Previous studies revealed that many genes involved in the G2/M phase of cell cycle, including a number of genes encoding microtubule components, are subject to negative regulation by wild type p53 [50,51]. Survivin is only expressed in the G2/M phase [52]. It is associated with mitotic spindle by interaction with tubulin during mitosis [50,53]. p53 interacts with the survivin promoter, which is demonstrated as the first promoter to confer p53-dependent repression. Survivin promoter is repressed by both direct (p53 binding) and indirect (induction of p21 protein) mechanisms.
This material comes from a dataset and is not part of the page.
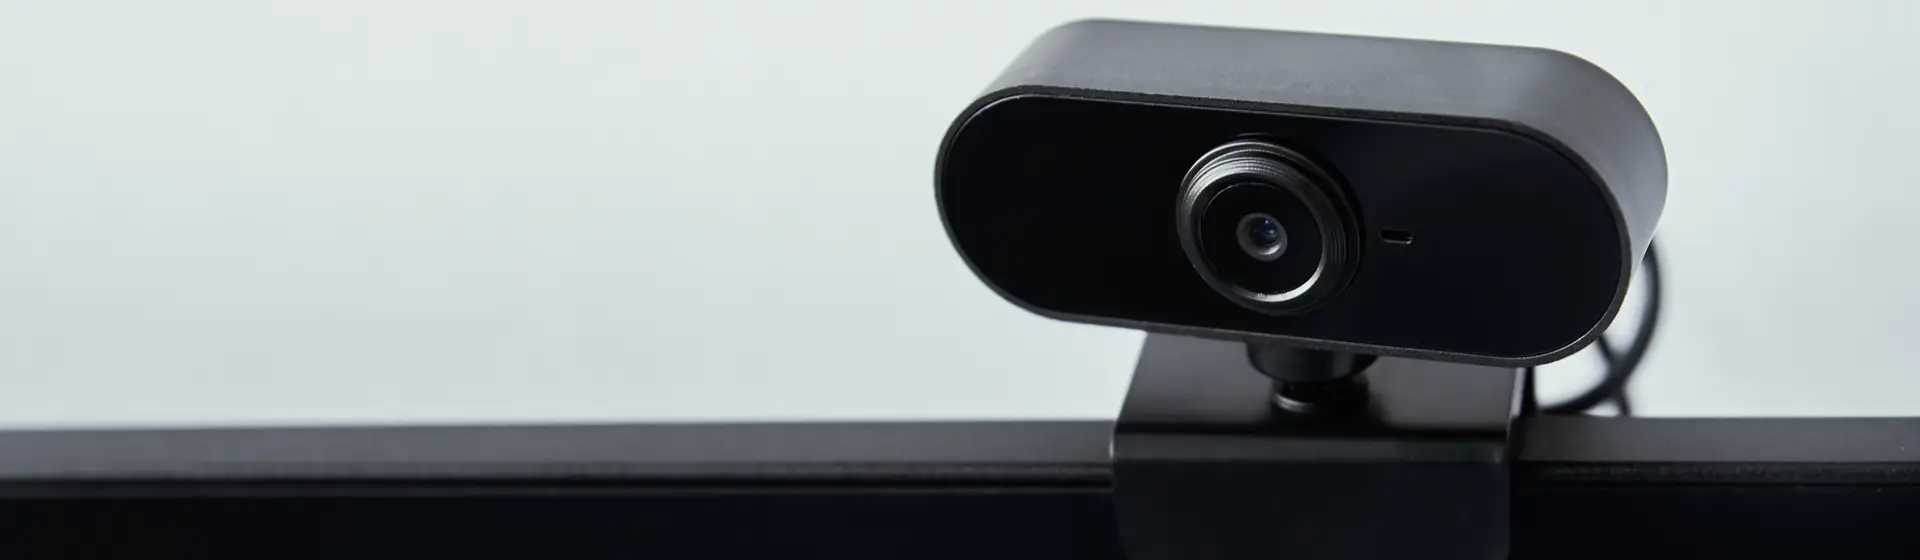 Webcam com microfone para PC: os melhores 10 modelos para comprar

Each mechanism may depend on particular stresses, phases of the cell cycle, and cell types, as well [3]. Furthermore, p53 can interfere with bcl-2 proteins in mitochondria, resulting in cytochrome c release [54].

Conclusions

The results of our study suggest that overexpression of wild type p53 protein may suppress the expression of survivin and its antiapoptotic activity in BCC cells. In addition, de novo production or stabilization of p53 is fundamental to triggering apoptosis in BCC [55].